EyeWorld’s Jonathan Kahn (JK) interviews Farhad Hafezi (FH) on a new method that might improve the efficacy of corneal cross-linking: cooling the cornea.


Jonathan Kahn (JK): Good morning from the ESCRS conference in Vienna, Austria. We’re pleased to be here with Dr. Farhad Hafezi from Switzerland. Thank you so much for being with us today.

Farhad Hafezi (FH): Thank you for having me.

JK: I’d like to speak with you this morning about collagen cross-linking, because this is a really fun topic and an exciting topic about which you and I have spoke over the years. But every time we speak, there’s something new and exciting and interesting that comes out that makes it better or more effective than previously. I understand that now you have some good information for us about how temperature can affect cross-linking. Can you tell us what that means?

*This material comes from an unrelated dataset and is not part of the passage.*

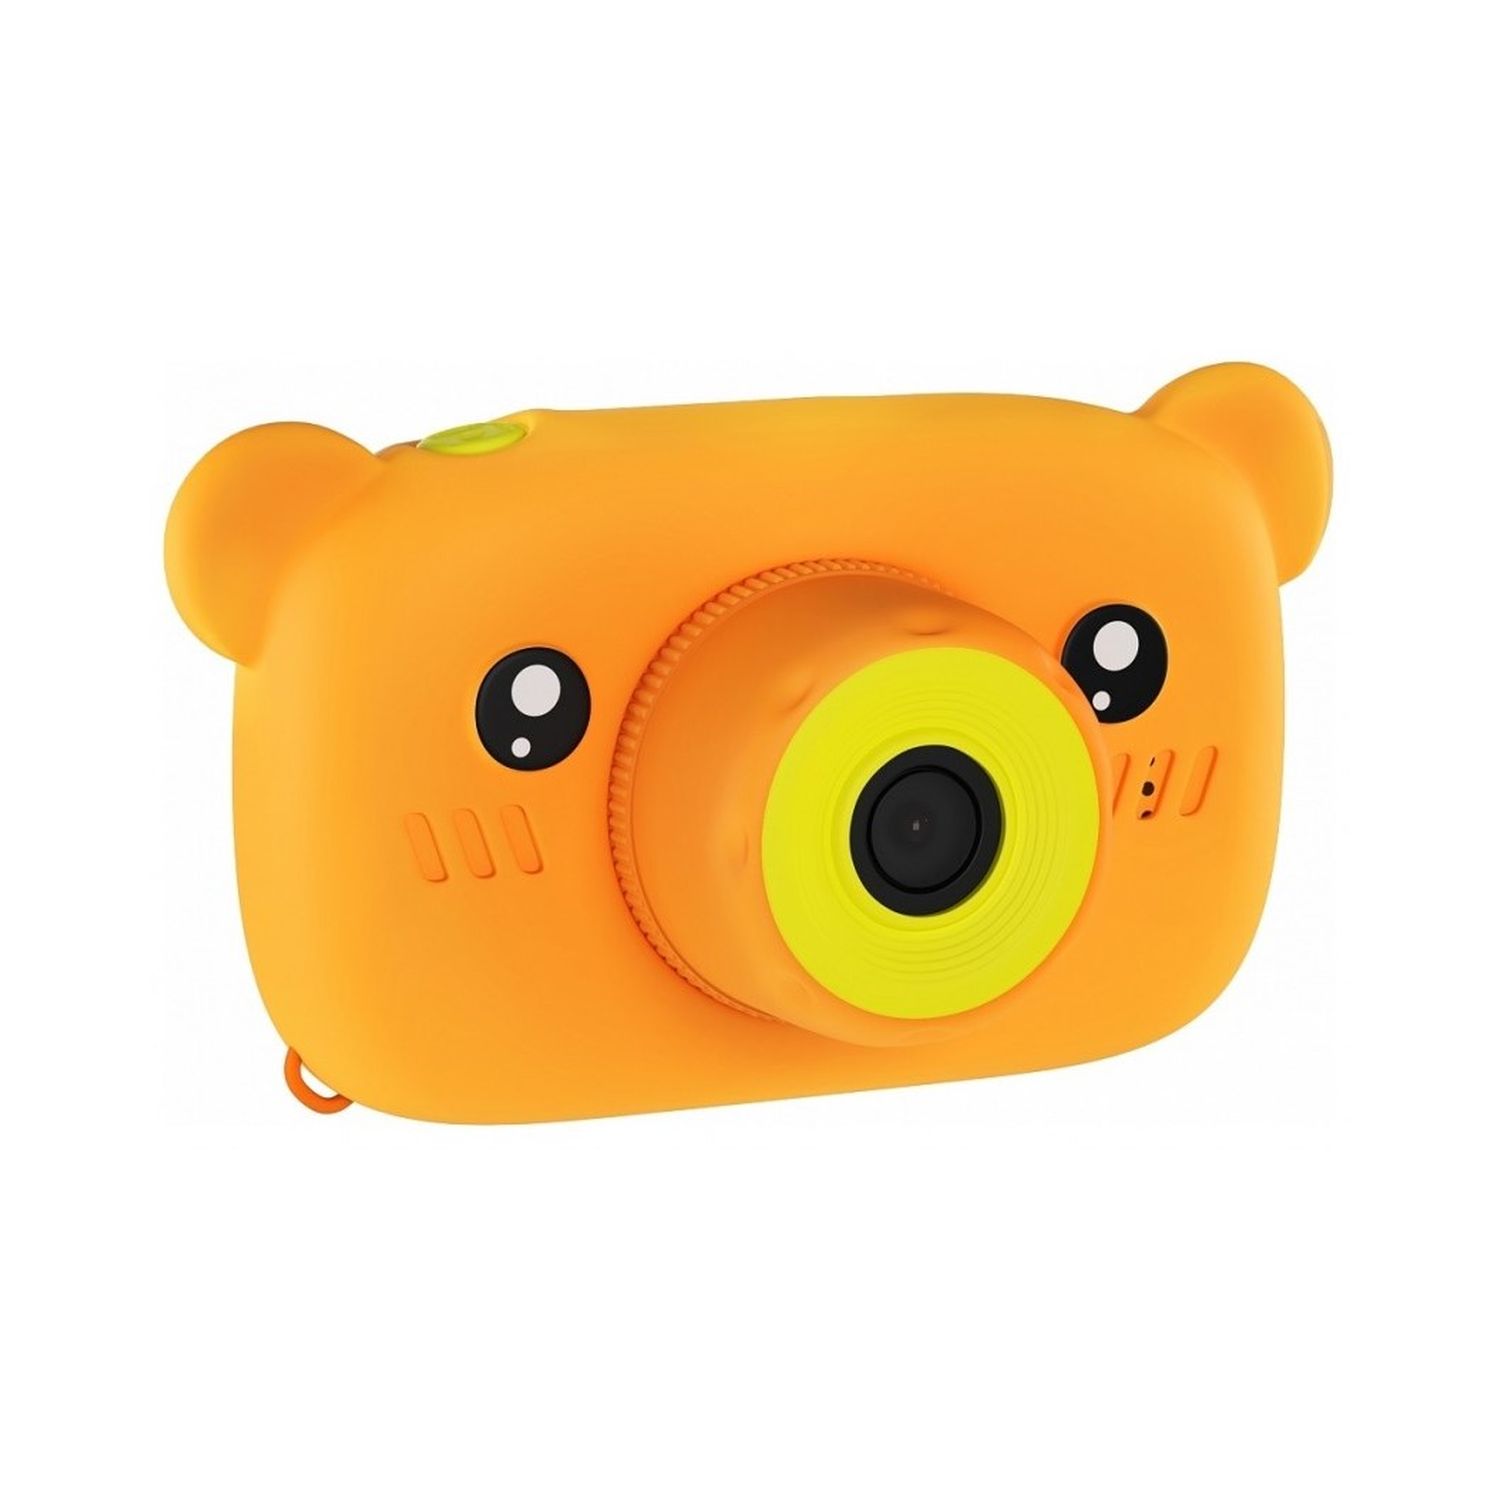 Фотоаппарат Uniglodis детский Мишка оранжевый - фото 2

FH: Yes absolutely. Cross-linking is an established method, but there is always room for improvement. And one major improvement on our understanding of the technology was when back in 2013 my group identified oxygen as an essential element in cross-linking. We know that oxygen supply is needed to drive the entire process, and there are new attempts to improve the oxygen supply to the cornea by having a stream of oxygen flooding over the cornea. But when looking through the literature, our group found an interesting hint which is: if you lower the temperature of the cornea, oxygen diffusion improves. Which means theoretically, if you cool down the cornea, you might have more oxygen present in the stroma and maybe better cross-linking efficacy. And preliminary ex-vivo data are from our lab seem to suggest that, indeed, if you lower the temperature of the cornea, you might have a cooling effect that increases efficacy.

JK: It’s interesting, because in some types of cornea treatment (for example, in PRK), we cool the cornea after the laser treatment in order to sort of stop the inflammatory effects of the laser, or stop the progressive treatment effects of the laser, whereas now we’re talking about perhaps the opposite, about cooling the cornea prior to treatment.

FH: Exactly.

JK: And that’s it that’s an interesting way to think about it.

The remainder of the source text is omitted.